So for me tonality - in the classical tradition- is not privileged. It is just another 'sound'. My ear is not strongly trained for that way of hearing. I hear in the context of the immediate piece more than in a broader context of listening and training. Which I see as an incredible limitation, but not a limitation I worry about anymore
Very beautiful! I needed to hear something like this today.
To me, music at its best takes the listener out of the "real world" and into the sonic reality created by the piece without havingto understand how or why. It's not about intellect (even though it may have been constructed that way). It's about being immersed in the beauty of sound.
Thanks!
adam kondor said:
Paul: "is that computer of live strings?"

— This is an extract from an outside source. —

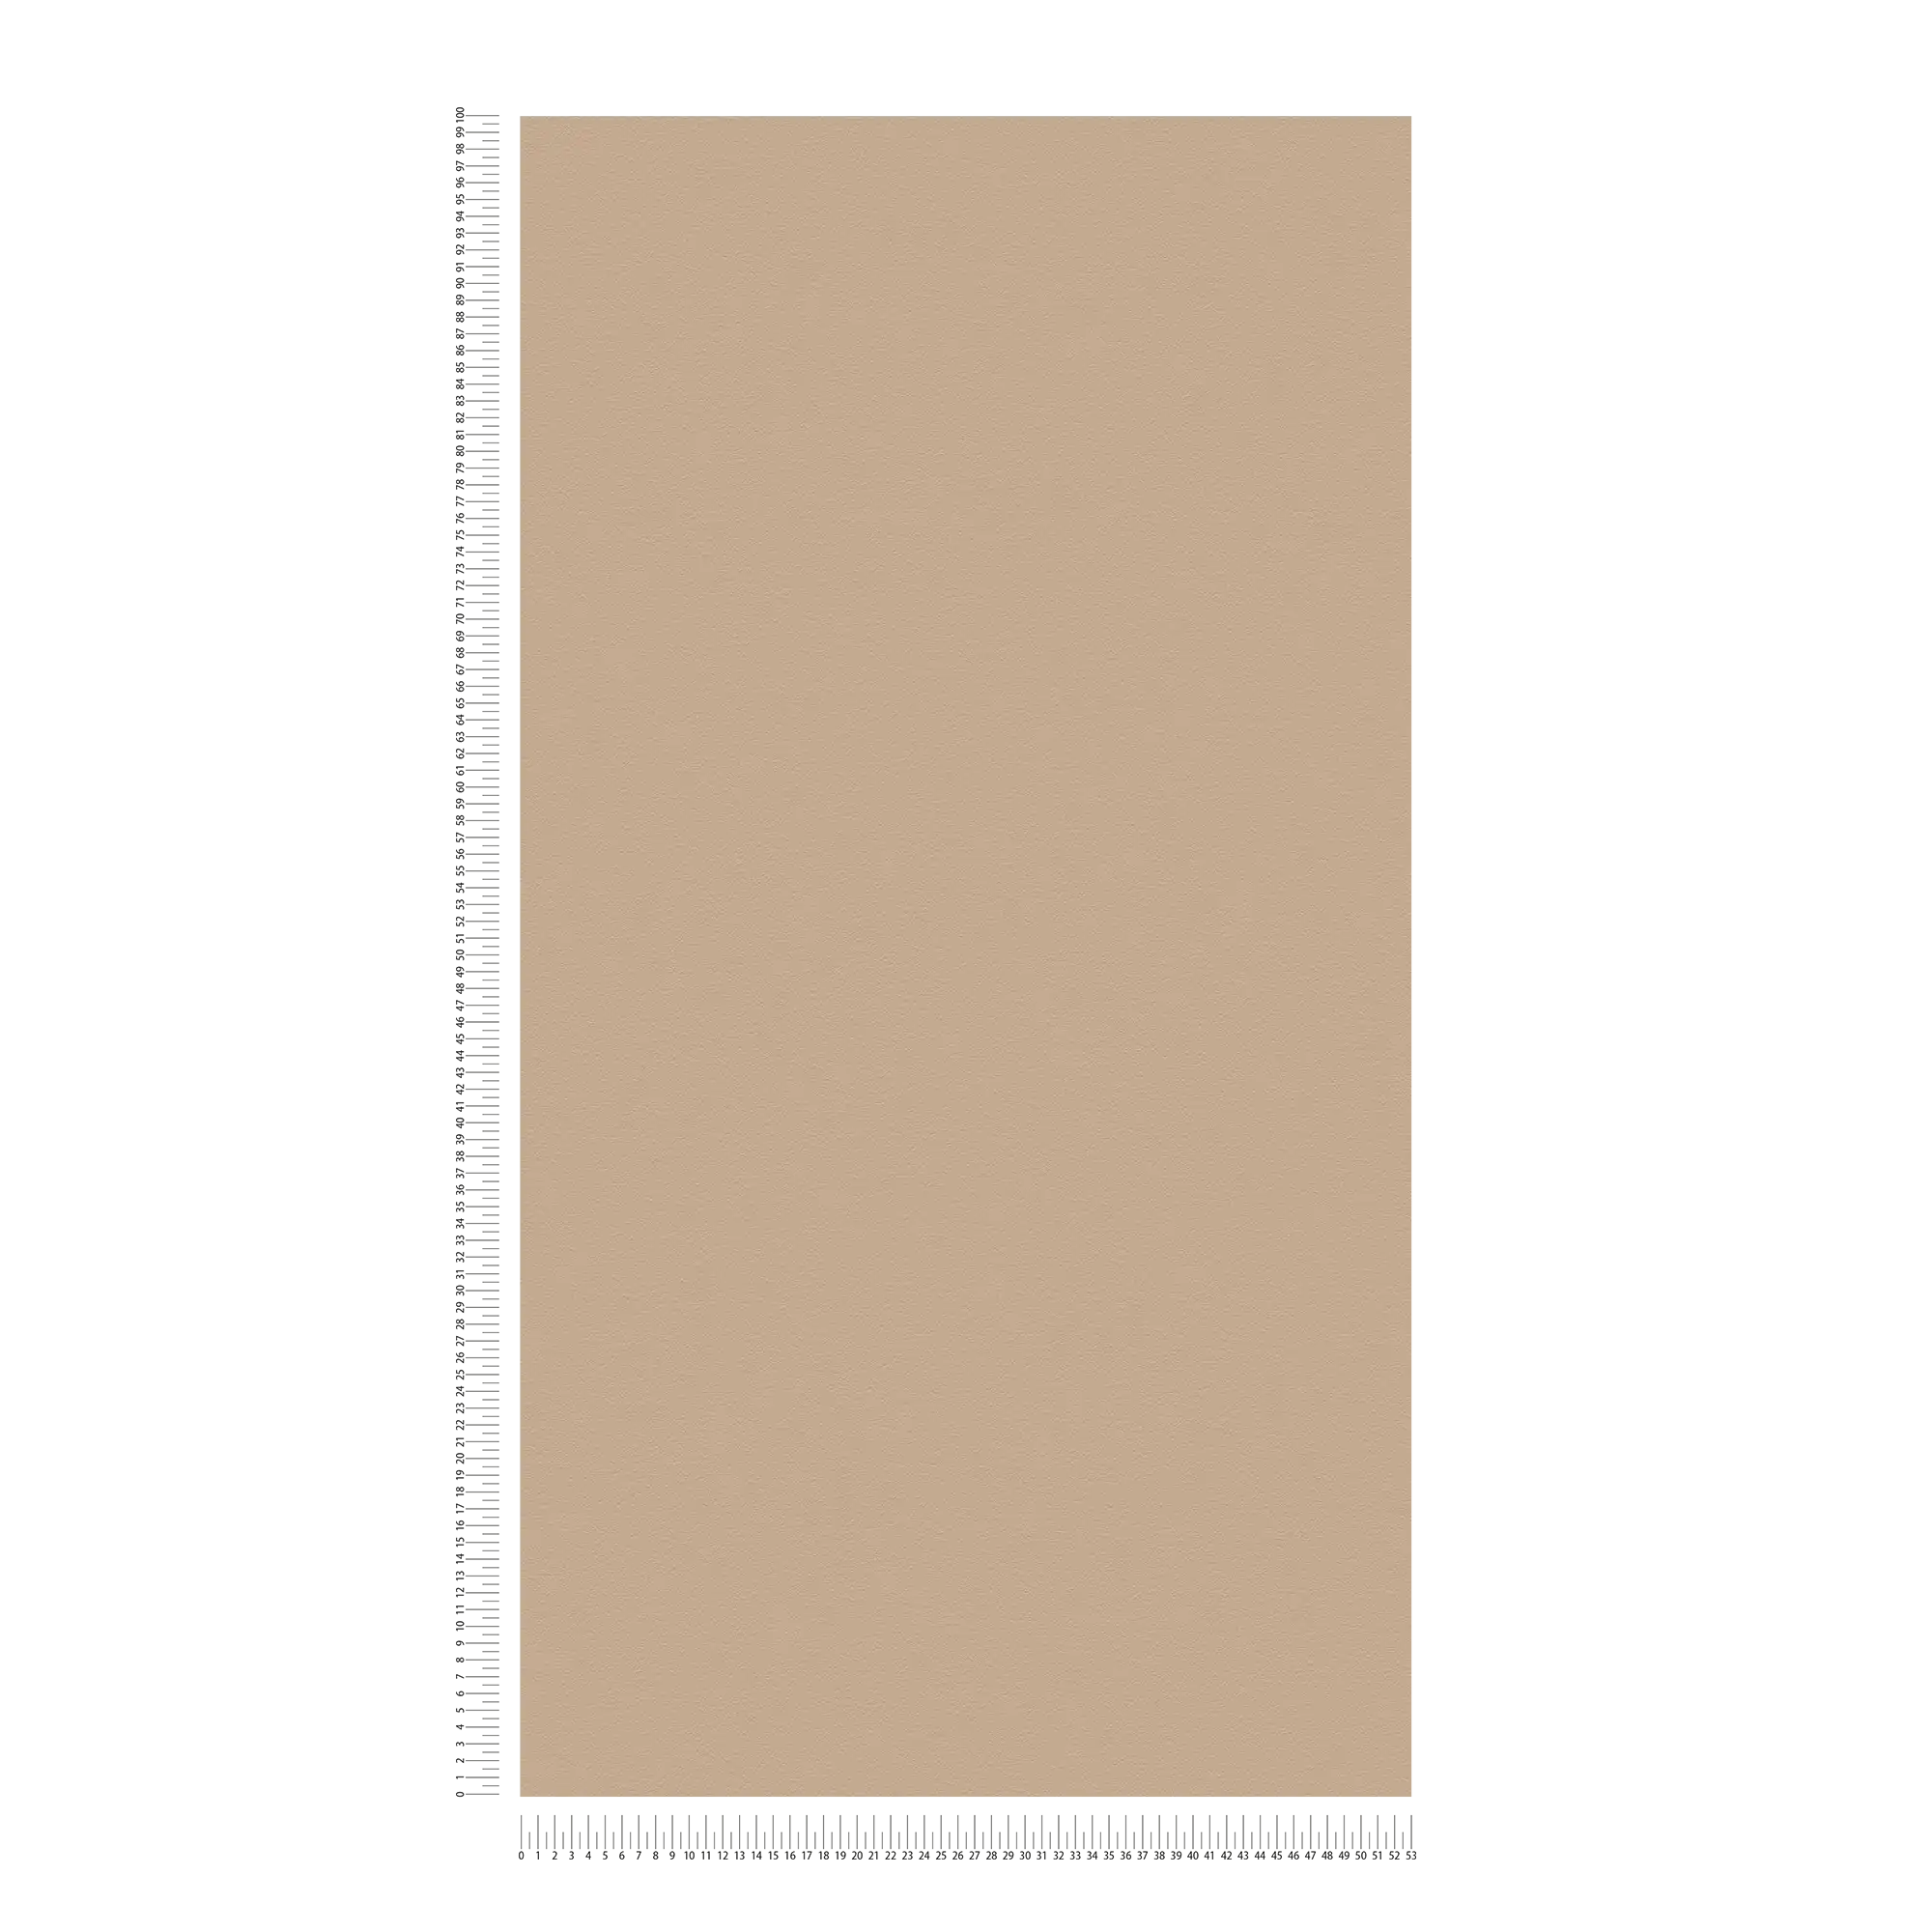             Papier peint uni marron clair avec surface lisse - beige, marron

This is a live concert recording of a half-amateur chamber orchestra playing the piece (excellently!), conducted by Geza Gemesi.
(especially the viola part is eminent)
Consider these paradoxes:
- the piece is quite "melodious" without having a real recognizable melodic gestalt in it
- the same is true harmonically: there is no logic in how the harmonies are changing, there is no real harmonical thinking, just a strong illusion of suspensions and solutions
- no rhytm either; what is happening rhytmically is very simple: on every beat one (or maximum two) parts move to a new note
- from beat to beat there is always the illusion of 'something going on' but altogether the general feeling is a directionless "floating". Still, the end strikes as a strong arrival to an unexpected place.
- moreover, it is a passacaglia: the bass repeats the same row of notes in every new key (just the lengths of the notes are changing from time to time)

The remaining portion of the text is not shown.